Study pharmacokinetic assessment in tumor and skin tissue: Patients who gave additional informed consent for tissue collection, underwent a tumor needle biopsy before and after 17 days of study treatment taken by an interventional radiologist. An optional skin biopsy (from healthy skin tissue at the abdomen) was taken after 17 days of treatment. All tissue samples were immediately snap frozen (within 1 min) in liquid nitrogen and cryopreserved at −80 °C until the day of analysis.
Tissue biopsies were weighed accurately before analysis. Tissue homogenate was prepared by using a mechanical homogenizer. The tumor tissue was homogenized with the precellys lysing kit (bertin instruments®) in the Roche MagNA lyzer®. Proteins in the homogenate were precipitated with methanol primed with internal standards (the stable isotopes 2H10-sunitinib and 2H5-desethylsunitinib). Subsequently, sunitinib and N-desethyl sunitinib were quantified against a calibration curve with known concentrations. Tissue homogenate samples were directly analyzed.
Drug concentration measurements: Sunitinib and N-desethylsunitinib were measured in all samples; using a validated liquid chromatography–tandem mass spectrometry (LC-MS-MS) as previously described (see Supplementary Data S2-methods).
Immunohistochemistry: Immunohistochemical staining was performed on 3–5 μm thick sections of the (freeze) tumor biopsies for CD3, CD31 and Ki67 according to standard methods (see Supplementary Data S2). Morphological characteristics were assessed in hematoxylin-eosin (H&E)-stained tissue sections. Evaluation of staining was performed by four investigators using light microscopy of serial tissue sections. Ki-67 was scored based on the percentage of positively stained malignant nuclei, using the following ranges: 0% to 20%, >20% to 40%, >40% to 60%, >60% to 80%, and >80% to 100%. Semi-quantification of CD31 staining was scored manually by a pathologist. The number of cells positive for CD3, CD31 was expressed as an estimated proportion of the total number of cells.

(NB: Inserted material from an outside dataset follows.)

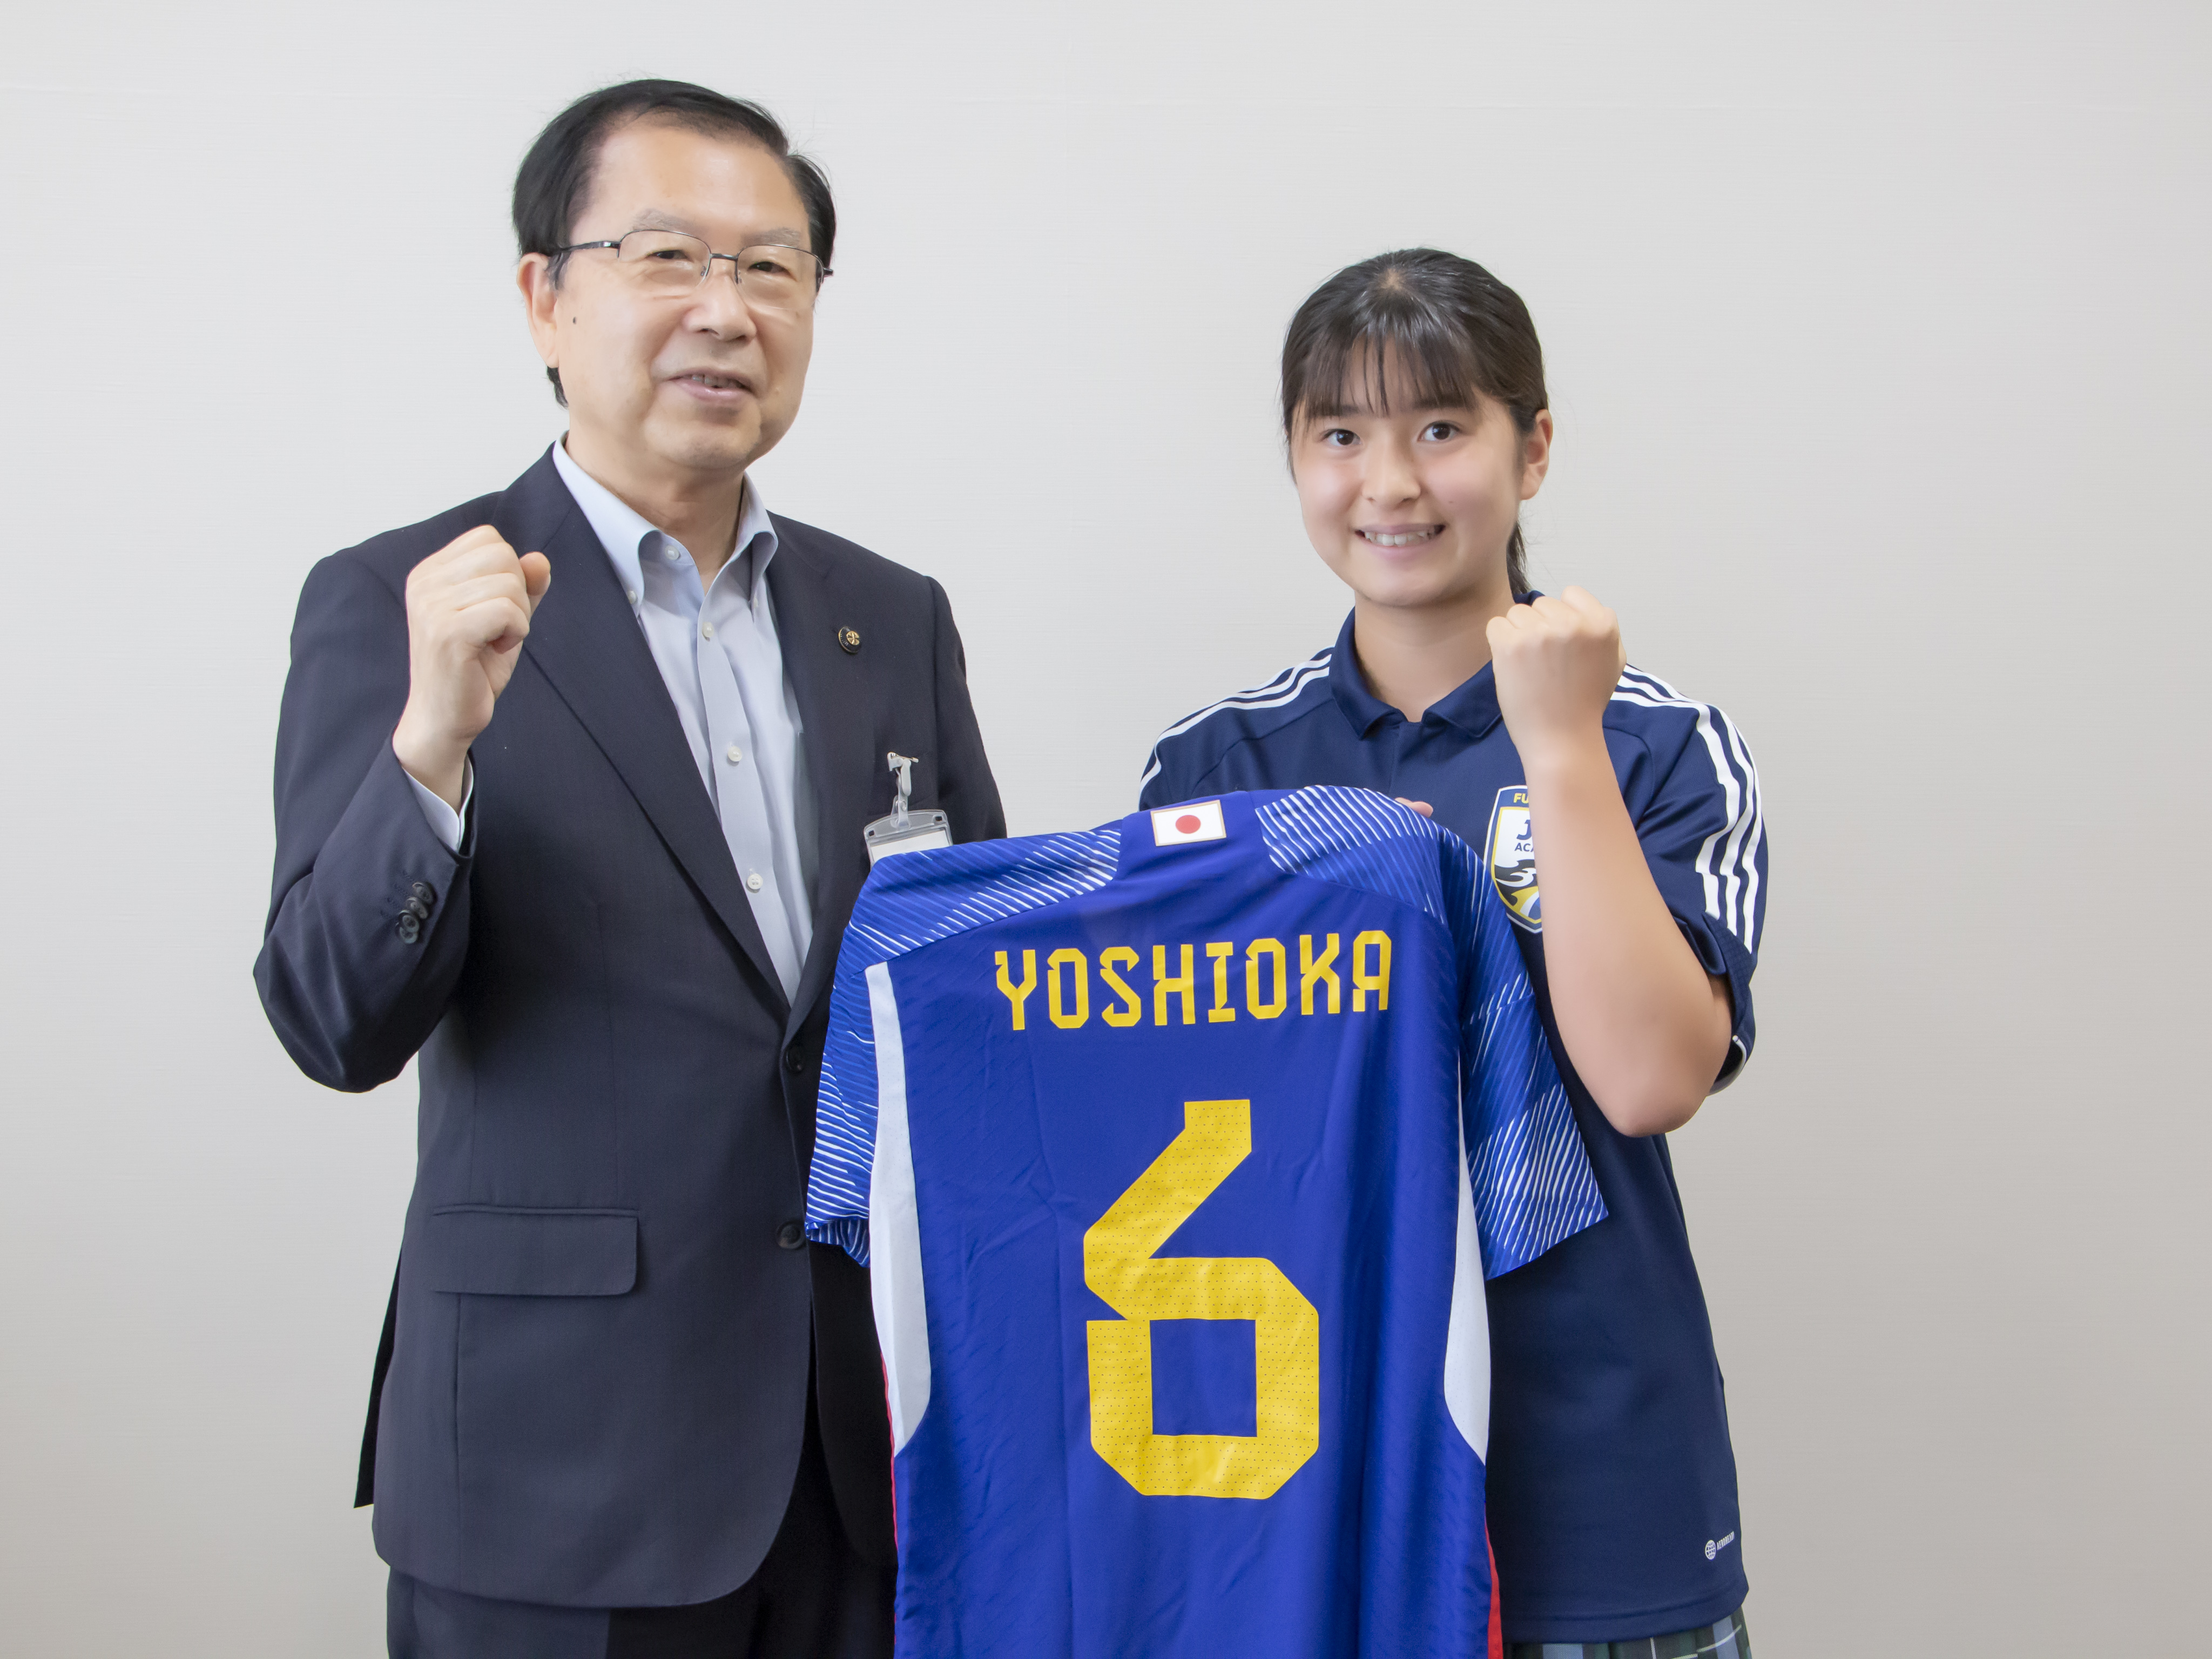 日本代表のユニフォームを持って市長と記念撮影する吉岡選手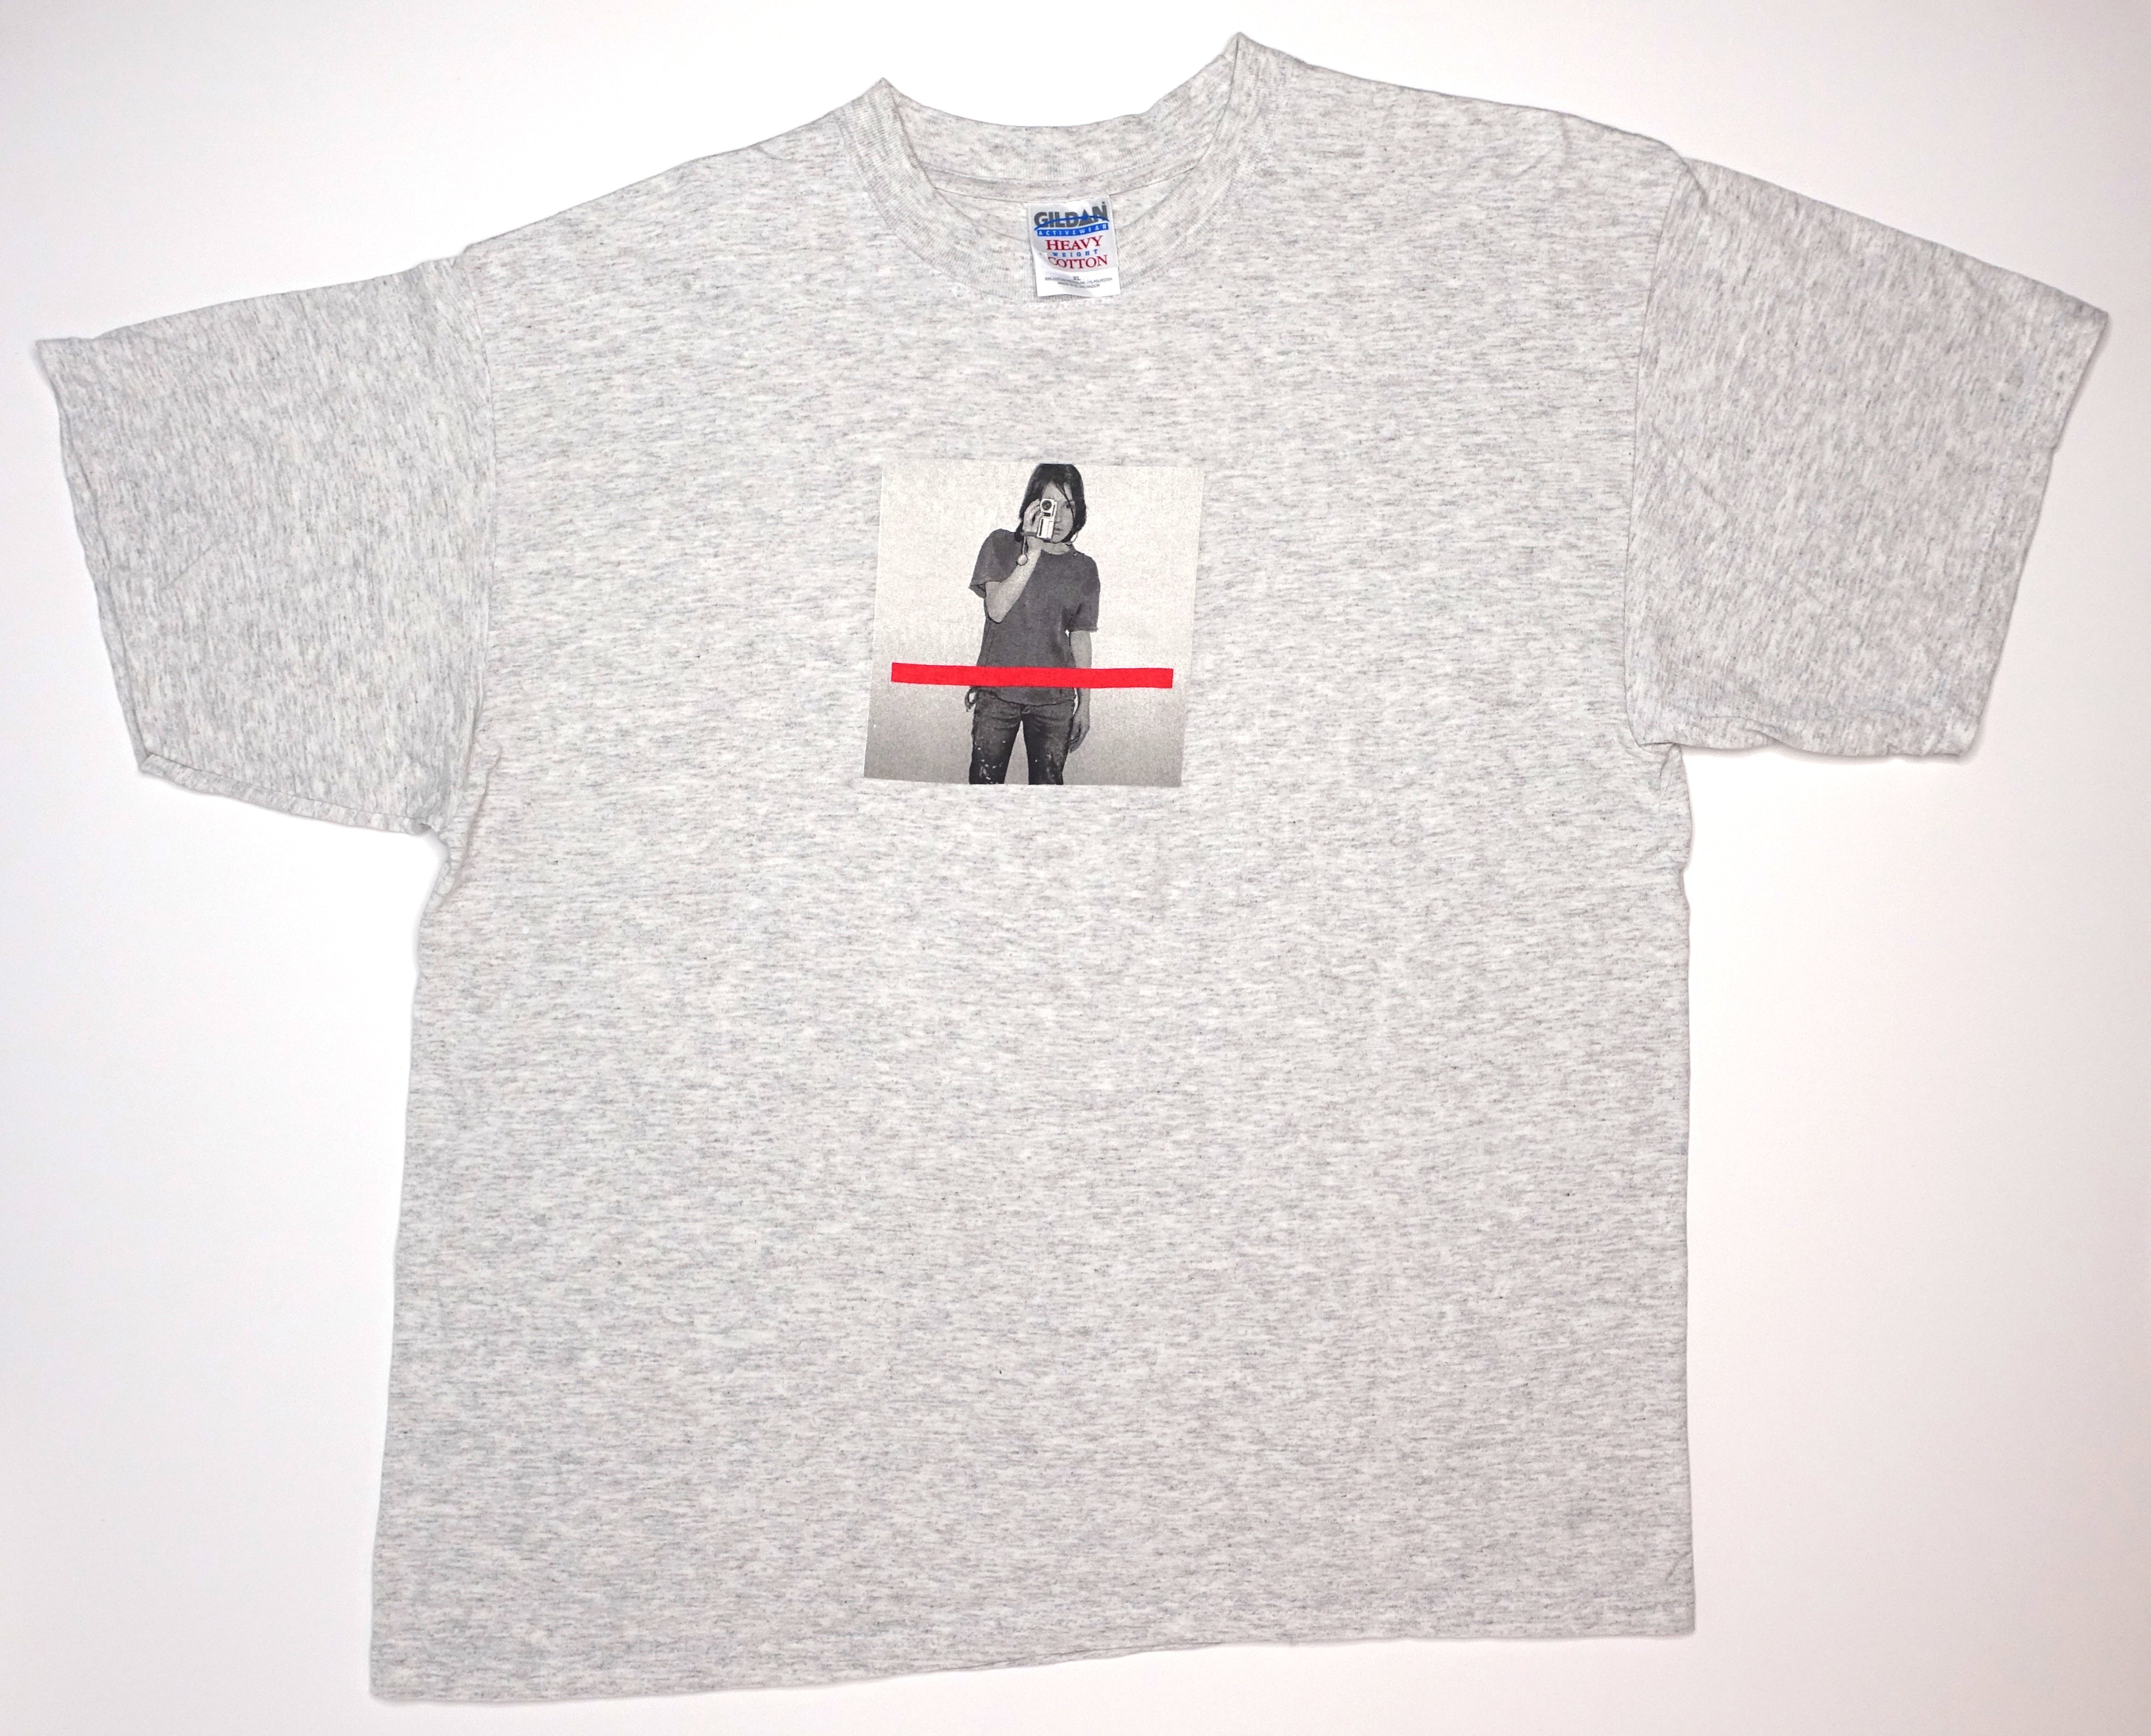 New Order - Get Ready 2001 Tour Shirt Size XL

Statistics: Descriptive statistics were used to summarize patient characteristics and sunitinib and N-desethyl sunitinib concentrations. Two-sided paired Student’s t-test on log-transformed data was used to compare concentrations between sunitinib and N-desethyl sunitinib concentrations in plasma, tissue, and skin tissue and pre- and on treatment immunohistochemistry analysis. An independent t-test on log-transformed data was used to compare sunitinib concentrations between the two MTD-dose levels (300 mg Q1W and 700 mg Q2W). Sunitinib and N-desethyl sunitinib concentrations in plasma, tumor and skin and their correlations were calculated using the Spearman’s rank correlation coefficient (ρ). Efficacy was assessed in patients who completed at least two weeks of treatment. Kaplan–Meier curves and log-rank tests were used to evaluate differences in PFS and OS between two groups dichotomized by geometric mean sunitinib and N-desethyl sunitinib concentration. Sunitinib and N-desethyl sunitinib concentrations in plasma, tumor and skin and their correlation with PFS and OS were calculated using the Spearman’s rank correlation coefficient (ρ). Statistical significance was set at p < 0.05. All statistical analyses were performed in SPSS, version 25.
Pharmacokinetic analysis: The concentration–time data for sunitinib and N-desethyl sunitinib were analyzed by means of nonlinear mixed-effects modeling (NONMEM, V7.4.3). Since there is no evidence for the exact relationship between plasma and tumor concentrations, we chose to use the concentration–time data calculated by NONMEM for Cmax, the average concentration over time (Caverage) and the trough concentrations just before the next dose was administered (Ctrough) based on rich PK-data of each individual patient. As a starting point for the analysis, the previously developed population pharmacokinetic model for sunitinib and its active metabolite by Yu et al. was used [6]. The model was extended with a sequential zero- and first-order absorption model, to describe the dissolution and subsequent absorption of the high sunitinib dose in the gastrointestinal tract. Inter-occasion variability in bioavailability and absorption duration were allowed in the model. The control stream of the final model and the goodness-of-fit plots are supplied in the Supplementary Material (Supplementary Data S3). The developed model was used to derive the individual predictions for the Cmax, Caverage, and Ctrough. SUM concentrations were calculated.
3. Results
Baseline Patient Characteristics and Covariates: Out of 83 patients with refractory solid tumors participating in the phase 1 trial, 21 and 29 patients were treated with sunitinib at the established maximal tolerated dose (MTD) of Q1W 300 mg and Q2W 700 mg, respectively. Characteristics of all participating patients, including a flowchart are provided in Figure 1. Results for all individual patients are shown in Supplementary Data S4. All participating patients have progressed and died at time of analysis.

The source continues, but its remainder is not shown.